L’absence de contestation pousse le maire à faire des erreurs. Récemment, son fils a été contraint de démissionner après la révélation de son embauche par le président du Sytral, syndicat de gestion des transports en commun dans lequel le Grand Lyon, que Gérard Collomb préside, apporte 80 % des participations des collectivités locales. Un autre jour, le maire a fait lister les appels de tous les élus de sa majorité, pour montrer que ceux qui critiquent les antennes relais utilisent des portables. «Ce sont des méthodes vichystes», soupirait, effaré, l’un des élus centristes ralliés à Gérard Collomb, en sortant de la réunion.
Droits de l'Hommistes. Troisième exemple : jusqu’au dernier conseil municipal, la ville devait instruire les dossiers des demandeurs de RSA (revenu de solidarité active) à Lyon. Tout le monde était d’accord. Mais le maire a changé d’avis, tout seul, contre l’avis de ses élus et de ses services. Il a refusé que l’on s’occupe pour l’instant des demandeurs de RSA. Les associations siégeant au conseil communal d’action sociale (CCAS) multiplient depuis les courriers. Et l’opposition s’engouffre dans la brèche. Laminée l’an dernier, la droite retrouve du coup de l’air. Ses attaques se font plus fréquentes, plus précises. «Et comme le système est autocentré, Gérard Collomb n’a plus personne pour le protéger, il prend tous les coups en direct», observe un adjoint.
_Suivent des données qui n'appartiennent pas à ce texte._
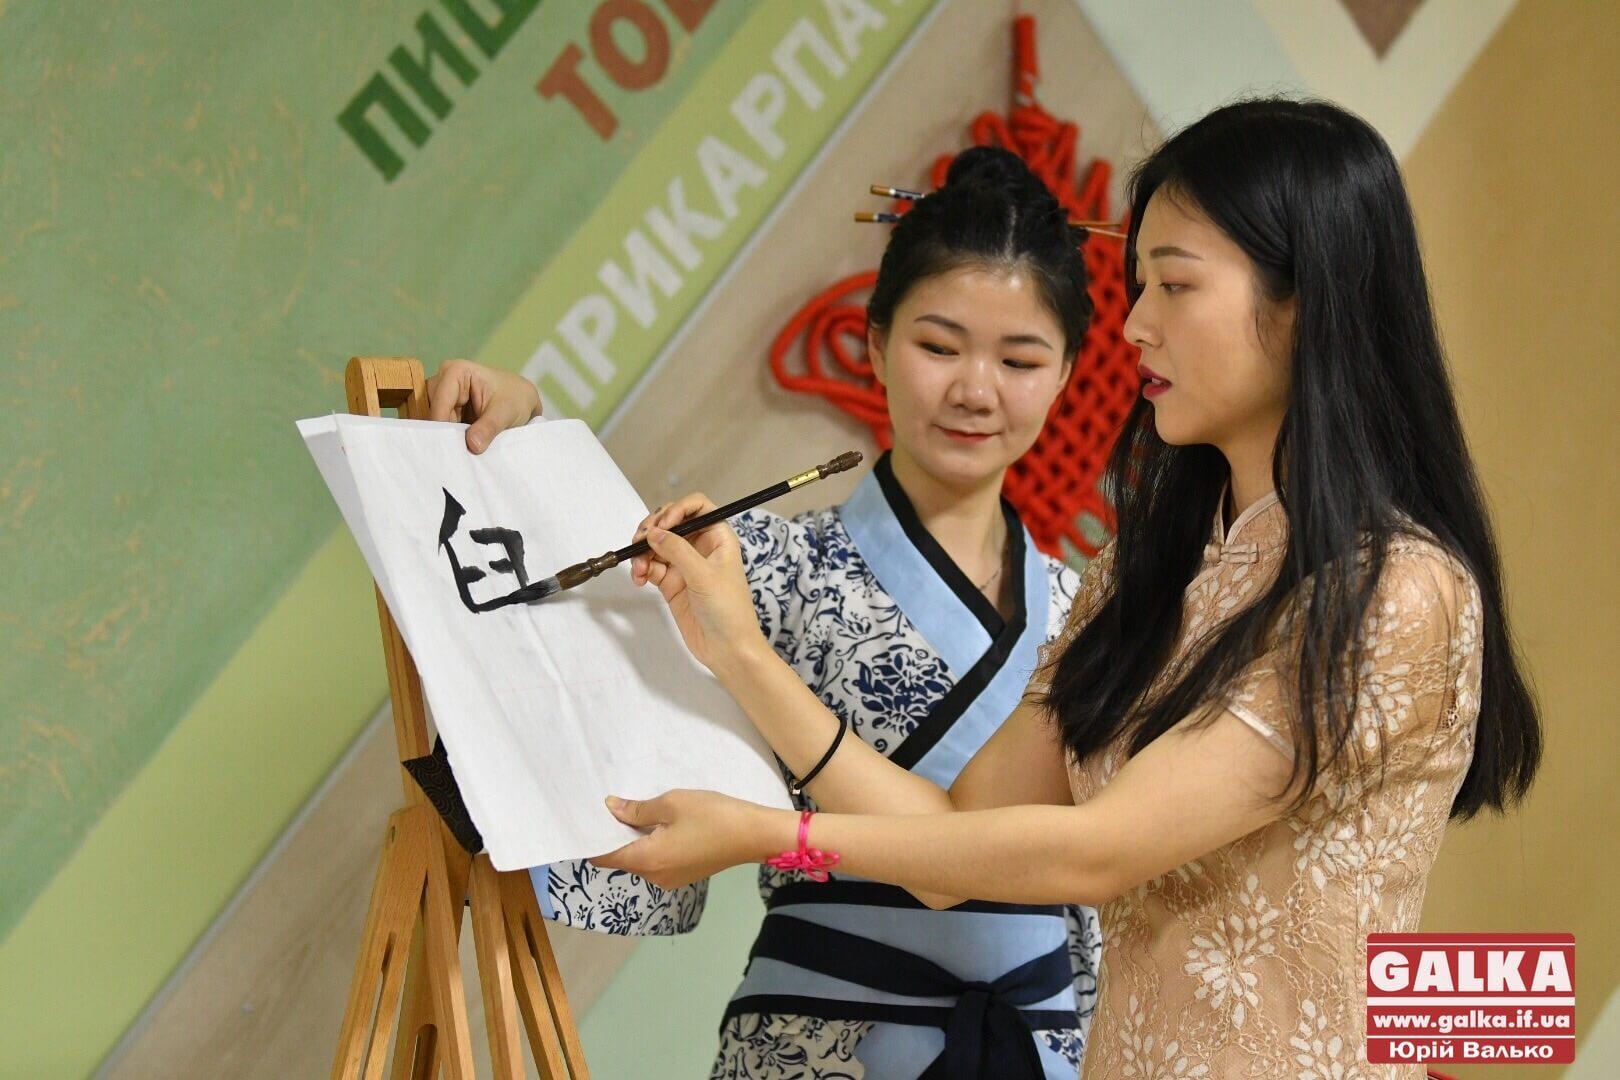 Показ мод, бойові мистецтва та східна каліграфія: як у Франківську відзначили Китайський Новий рік (ФОТОРЕПОРТАЖ)

Les relations avec les milieux sociaux et les
associations, se dégradent également. Pendant les européennes, des
responsables associatifs ont profité d’une visite de Vincent Peillon
pour lister leurs griefs vis-à-vis de Gérard Collomb. Gêné, Vincent
Peillon a éludé. Le maire de Lyon, qui dénonce régulièrement la place
que le Parti socialiste accorde aux «droits de l’hommiste», écarte la
contestation d’un revers de main. «C’est microscopique, dit-il. Sinon,
je n’aurais pas été aussi bien réélu.»
Olivier BERTRAND




Il faudrait parler du Grand Lyon également ! Et de la politique sportive d'agglomération… Du grand art dans la manière de faire tout seul… Il y avait eu le Grand stade. Il y a maintenant le souhait, pour Collomb, de transférer l'Asvel de Villeurbanne à Vénissieux. Un joli coup dans le dos de Bret, son premier vice-président au Grand Lyon. L'esprit de camaraderie n'est pas toujours de mise!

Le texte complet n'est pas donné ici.